A new report from the National Research Council concludes that the costs of the current incarceration rate – the world’s highest – outweigh the benefits and recommends sentencing reforms and other policy changes to reduce incarceration.
Four decades of mandatory sentencing, long sentences for violent and repeat offenses, and intensified criminalization of drug-related activity has made the United States the world’s top jailer. The United States incarcerates 2.2 million adults today, an unprecedented increase from 200,000 inmates in 1973. It has only 5 percent of the world’s population but nearly one-quarter of its prisoners and with nearly 1 in 100 American adults in prison or jail, the country’s incarceration rate is 5 to 10 times higher than rates in other democracies.
The National Research Council evaluated data about the consequences of mass incarceration and found that, while more incarceration and longer sentences has not been shown to significantly reduce crime, these policies have had negative consequences for imprisoned people, their families, and communities.

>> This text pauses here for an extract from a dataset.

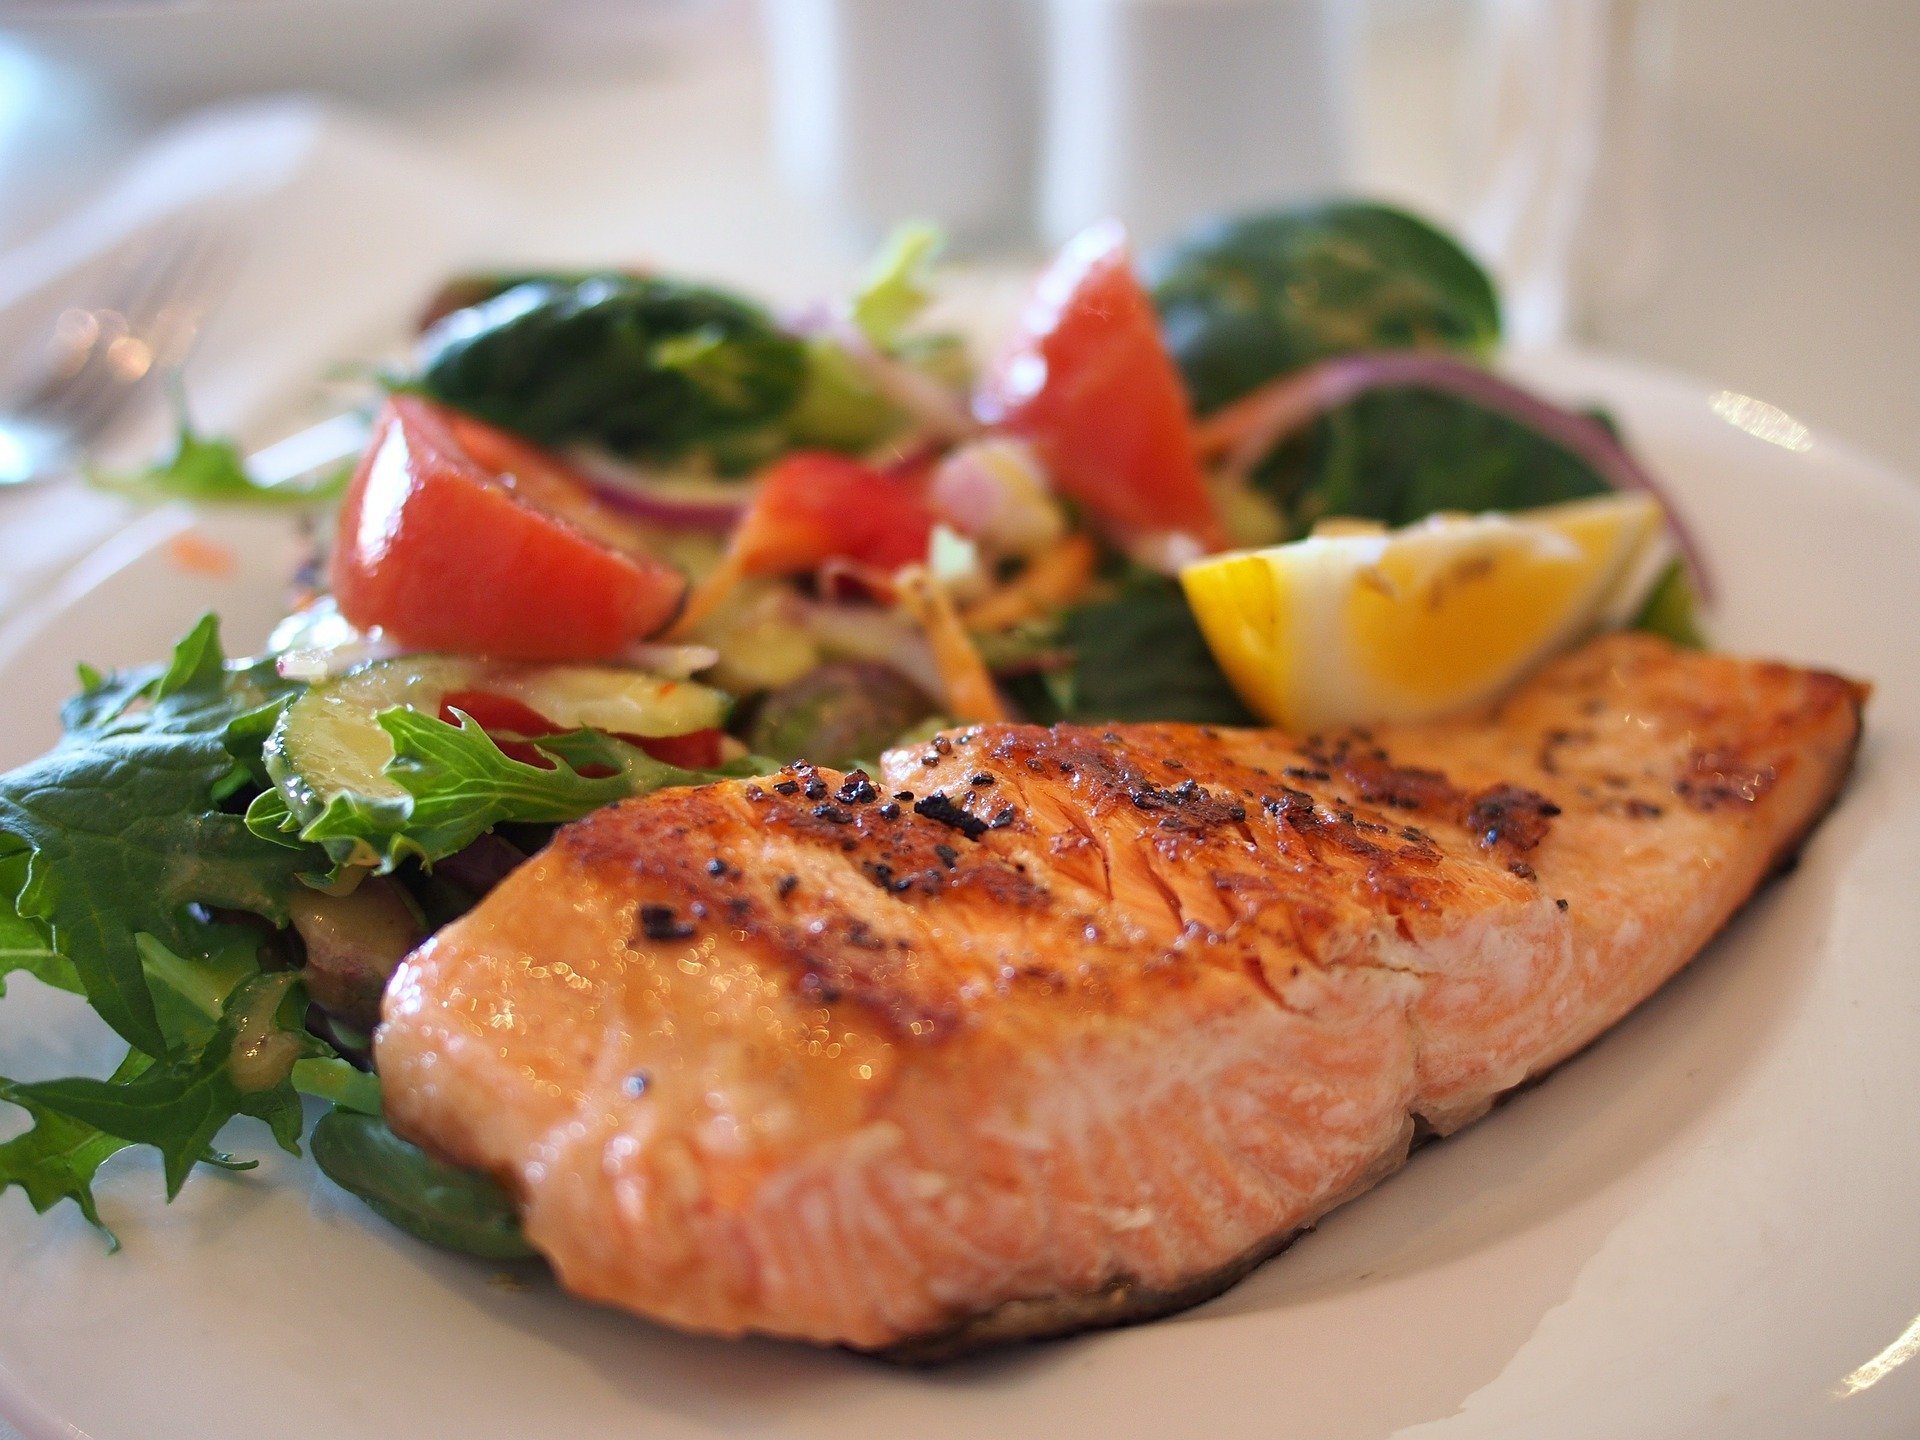 Stravu bohatú na horčík a omega-3 mastné kyseliny, ako napríklad ryby, avokádo a listová zelenina s tmavými listami

Mass incarceration has created a large population whose access to public benefits, occupations, and the ability to vote are limited by a criminal conviction. In 2000, 2.1 million American children had incarcerated fathers, elevating their risk for homelessness and poor developmental outcomes.
The negative impacts are most acute in poor minority neighborhoods. About 60 percent of incarcerated Americans are Black or Hispanic; in 2010, the imprisonment rate for Blacks was 4.6 times that for whites. Denying the right to vote to those with a criminal record weakens the power of low-income and minority communities, the report found.
The financial costs of mass imprisonment have more than quadrupled in the past 40 years. Allocations for corrections have outpaced budget increases for nearly all other key government services, including education, transportation, and public assistance. State spending on corrections is the third highest category of general fund expenditures in most states today, ranked only behind Medicaid and education.
The United States has gone past the point where the numbers of people in prison can be justified by social benefits, the report concludes. “We need to embark on a national conversation to rethink the role of prison in society,” said committee chair Jeremy Travis, president of John Jay College of Criminal Justice in New York City. “A criminal justice system that makes less use of incarceration can better achieve its aims than a harsher, more punitive system. There are common-sense, practical steps we can take to move in this direction.”
The report calls for policymakers to reexamine long sentences, mandatory minimum sentences, and policies on enforcement of drug laws, and also to take steps to improve prison conditions and programs to foster successful reintegration of former prisoners when they are released.